Learned counsel urged for imposing lesser punishment terminating the order of

"compulsory retirement" for the interest of justice considering his age.

[06] On the other hand, Mr. R. Datta, Learned counsel appearing on

behalf of the TPSC-respondent submitted that the act and conduct of the

petitioner was all along not conducive to the interest of the Department. By his

act and conduct, the petitioner exhibited continuous insubordination, rude

behavior and disobedience to the official orders. He was given showcause

notice but inspite of receipt of notice, he did not respond which was

unbecoming for a public servant. Even, he disobeyed the order of the

Secretary of the Department, he was asked to appear before the Secretary but

inspite of remaining present in the Office, he refused to accept the order and

did not appear before the disciplinary authority. Again a showcause notice was

issued on 09.02.2023, but the petitioner failed to respond. Not only that, on

05.06.2023, the petitioner misbehaved and shouted Manika Shil, UDA, TPSC

when she was discharging official task and on 06.06.2023, he threatened her

with dire consequences, if she reports the incident. Even the individual

witnesses namely Asim Pal, Sanjay Chakma supported the version of said

Manika Shil. The sexual harassment committee also found him guilty, even the

petitioner did not bother to appear before the Committee without any cogent

grounds and the FIR was lodged on the basis of threats and intimidation. It

was further submitted by Learned counsel that the misbehavior of the

petitioner with the senior female colleague repeated disobedience to orders,

dereliction of duties, shows breach of service rules as provided under Rule 3(1)

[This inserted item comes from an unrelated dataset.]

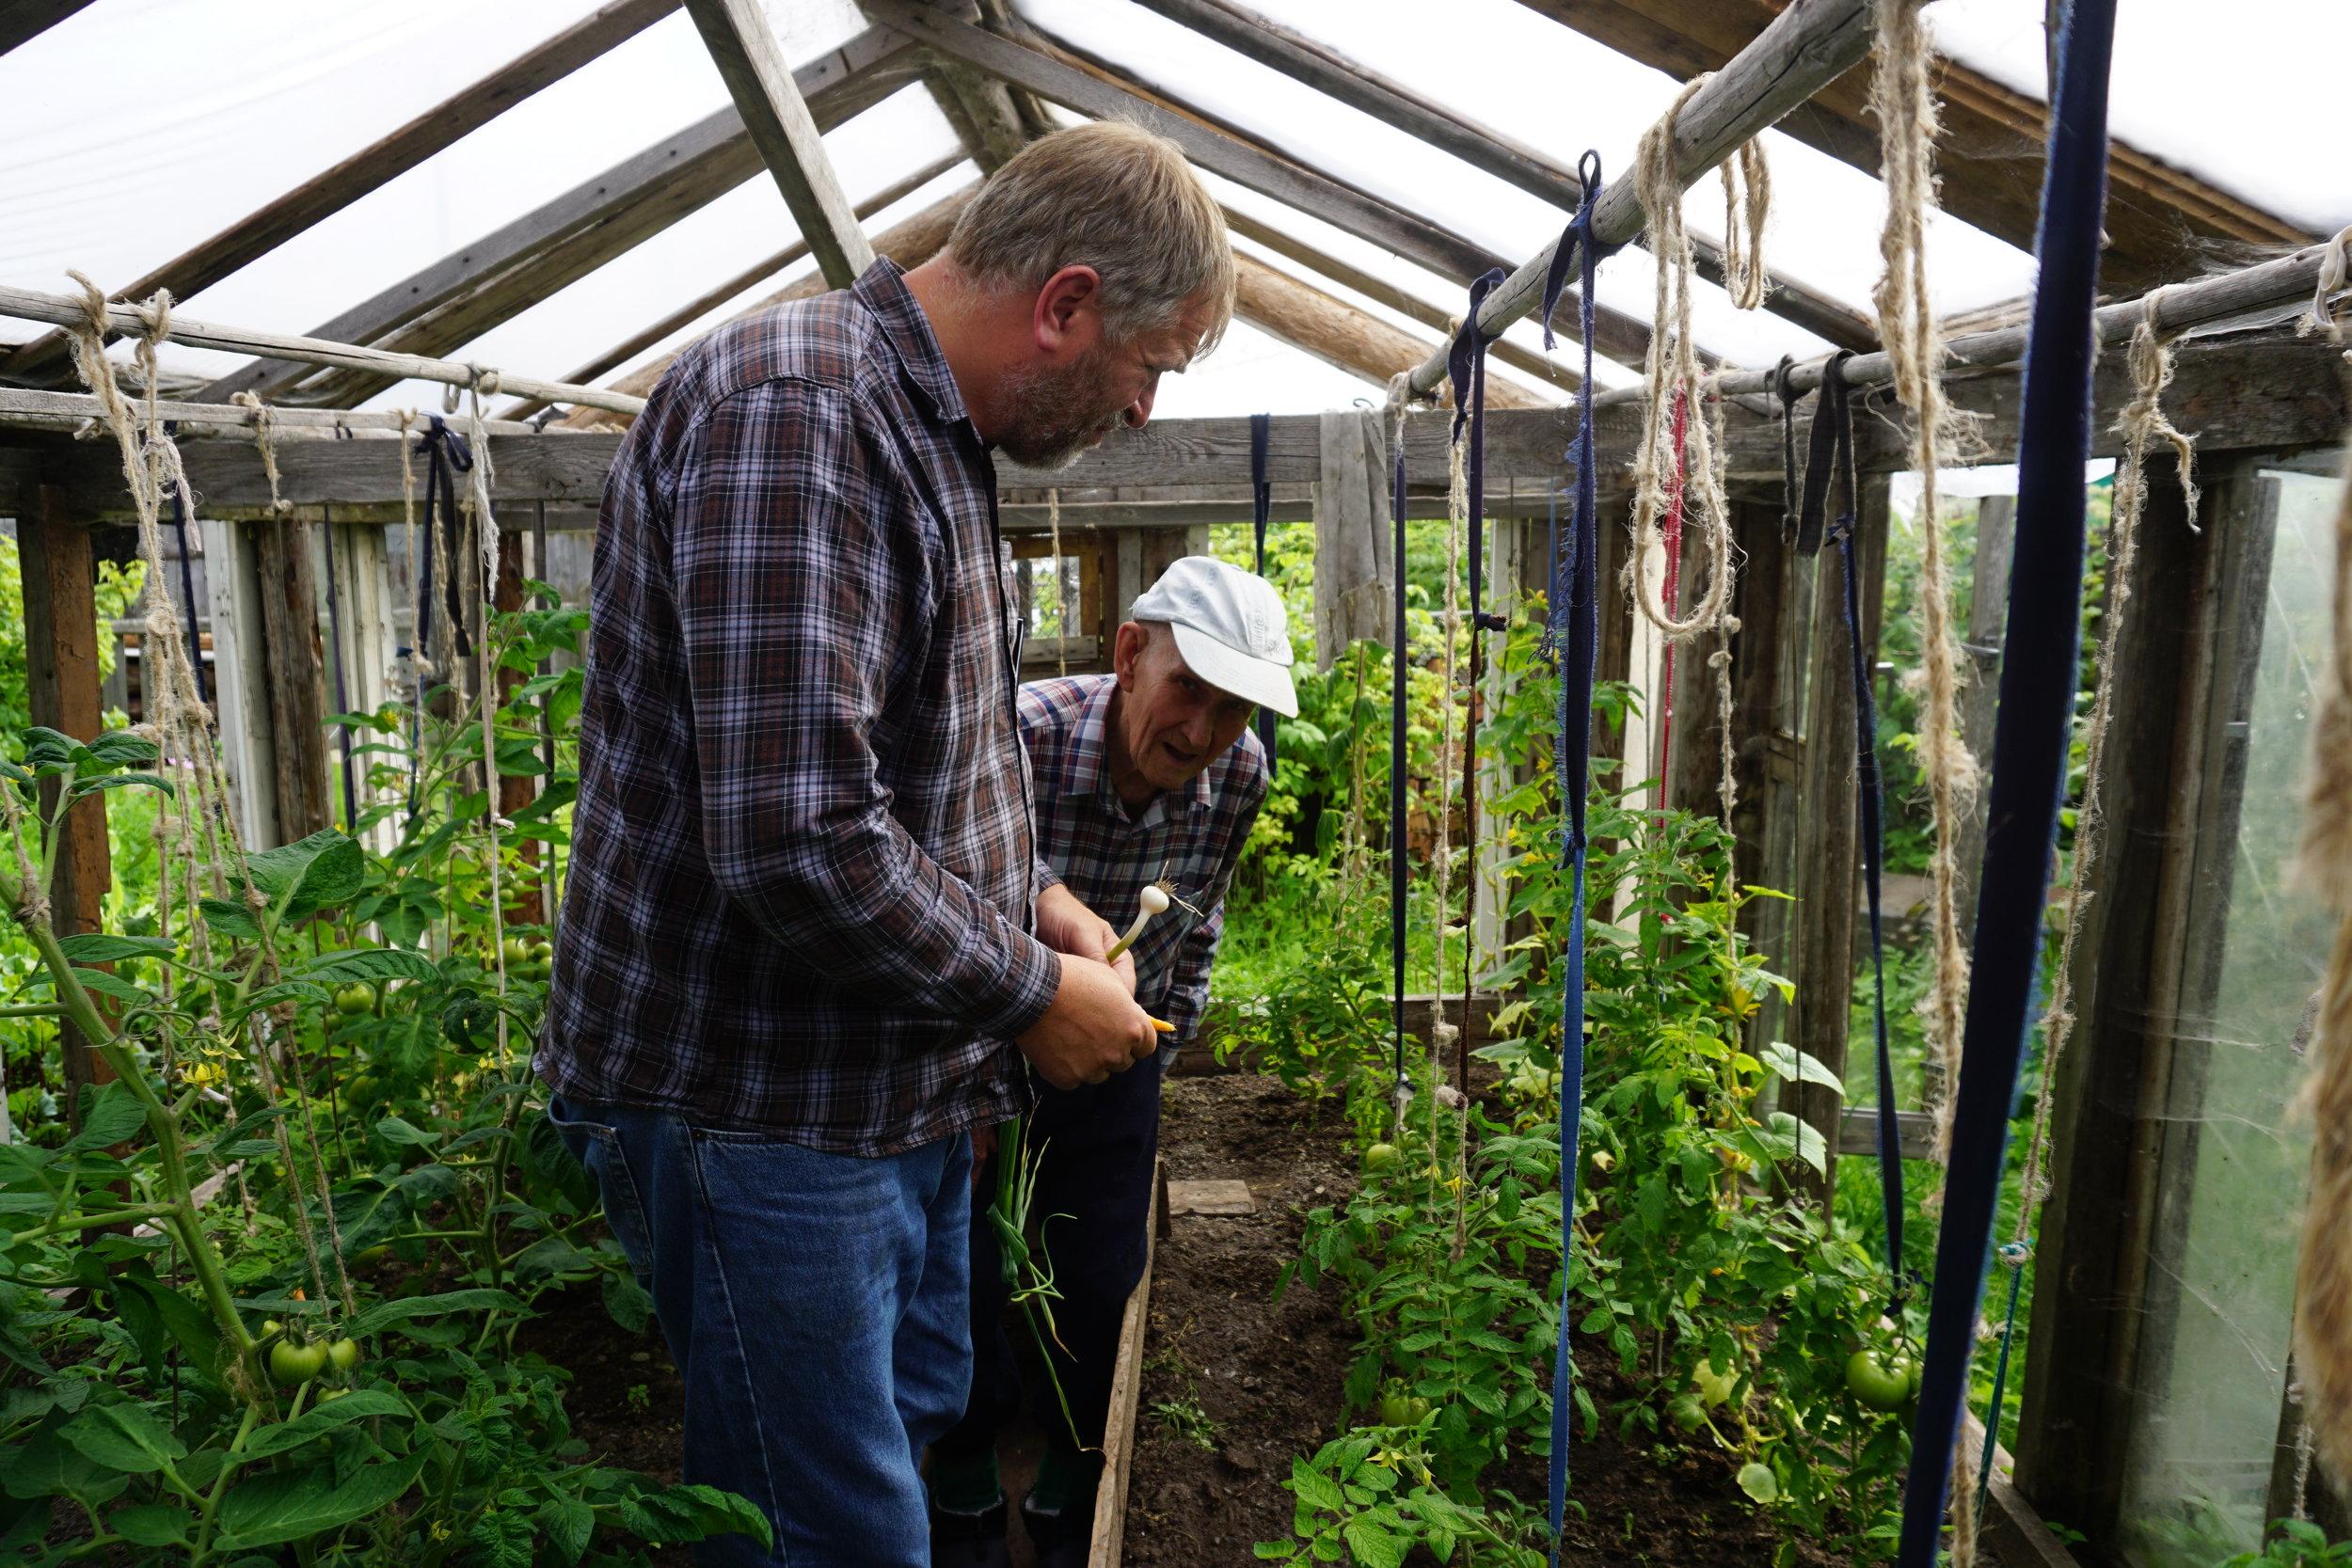 Gjenbruk av alt fra glass, reisverk og tau til oppbinding, er for mange helt nødvendig for å få endene til å møtes - og tomatene smaker jo det samme.
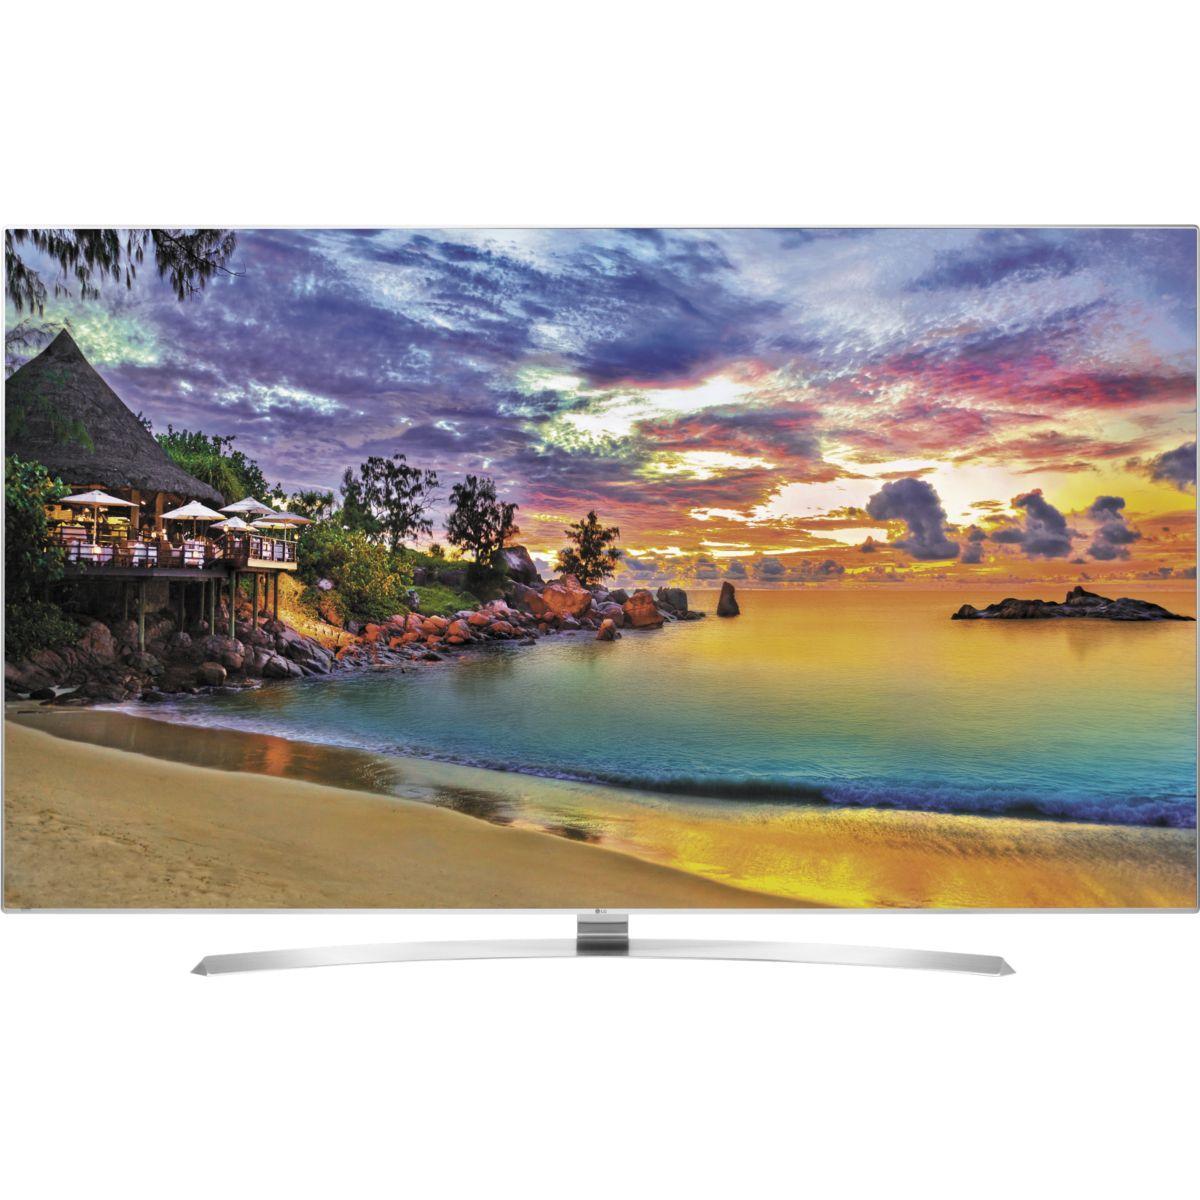 TV LG 55UH950V 200HZ 4K SMART TV 3D

of the Tripura Civil Services (Conduct) Rules. Learned counsel further

submitted that from the entire proceeding nowhere it will be found that there

was any violation of principles of natural justice. It is not the case of the

petitioner that no scope was given to him to submit his written statement of

defence to adduce his evidence, to allow him to cross examine the witnesses of

the prosecution side. So, according to Mr. Datta, Learned counsel the

punishment imposed by the disciplinary authority was proportionate to

misconduct. It was further submitted that the appellate authority after careful

consideration of the findings of the disciplinary authority dismissed his appeal

and herein this case, the petitioner could not project anything to quash the

orders and to invoke the jurisdiction under Article 226 of the Constitution of

India. There is also no submission from the side of the petitioner that there

were procedural irregularities. So, Learned counsel, Mr. Datta submitted that

at this stage there is no scope to re-appreciate the evidence on record and the

order of the disciplinary authority is based on materials which has been

affirmed by the appellate authority and finally submitted that there is no merit

in the writ petition and urged for dismissal of the writ petition.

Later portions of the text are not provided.